Supplied data:

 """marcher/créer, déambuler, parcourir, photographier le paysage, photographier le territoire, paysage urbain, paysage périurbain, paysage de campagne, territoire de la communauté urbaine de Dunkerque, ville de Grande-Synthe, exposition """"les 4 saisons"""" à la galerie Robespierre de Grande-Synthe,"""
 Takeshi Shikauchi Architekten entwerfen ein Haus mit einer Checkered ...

--

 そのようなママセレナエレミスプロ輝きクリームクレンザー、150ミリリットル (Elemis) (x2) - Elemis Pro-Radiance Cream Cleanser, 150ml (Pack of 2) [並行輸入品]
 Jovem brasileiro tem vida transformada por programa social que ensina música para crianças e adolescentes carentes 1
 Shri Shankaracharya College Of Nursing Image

==

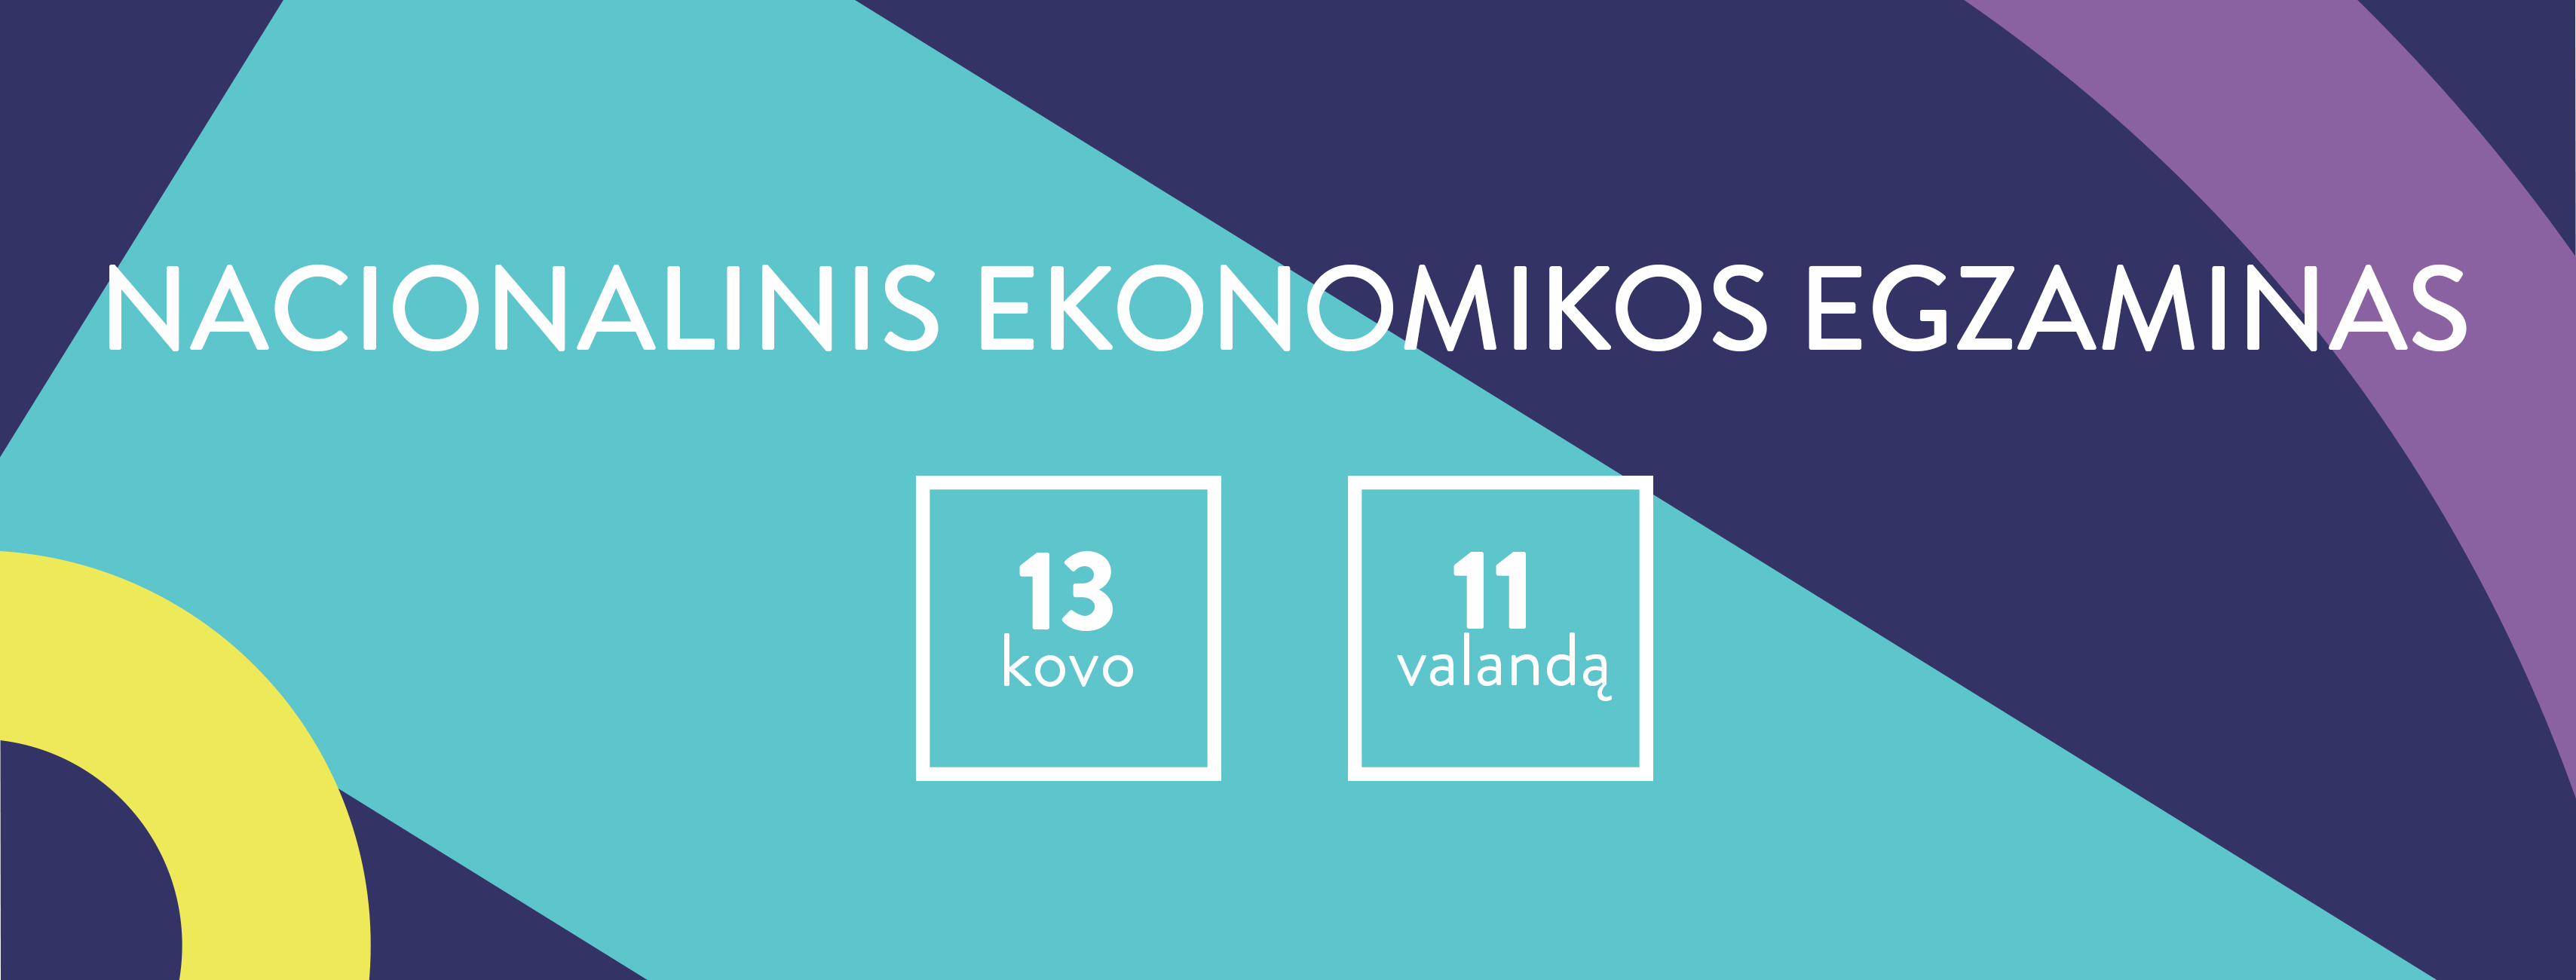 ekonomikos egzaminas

Task details: Could you transcribe the entries above word for word, from the line with "déambuler, parcourir, photographier" down to the line with "Takeshi Shikauchi Architekten", keeping both?

Problem solution:
 """marcher/créer, déambuler, parcourir, photographier le paysage, photographier le territoire, paysage urbain, paysage périurbain, paysage de campagne, territoire de la communauté urbaine de Dunkerque, ville de Grande-Synthe, exposition """"les 4 saisons"""" à la galerie Robespierre de Grande-Synthe,"""
 Takeshi Shikauchi Architekten entwerfen ein Haus mit einer Checkered ...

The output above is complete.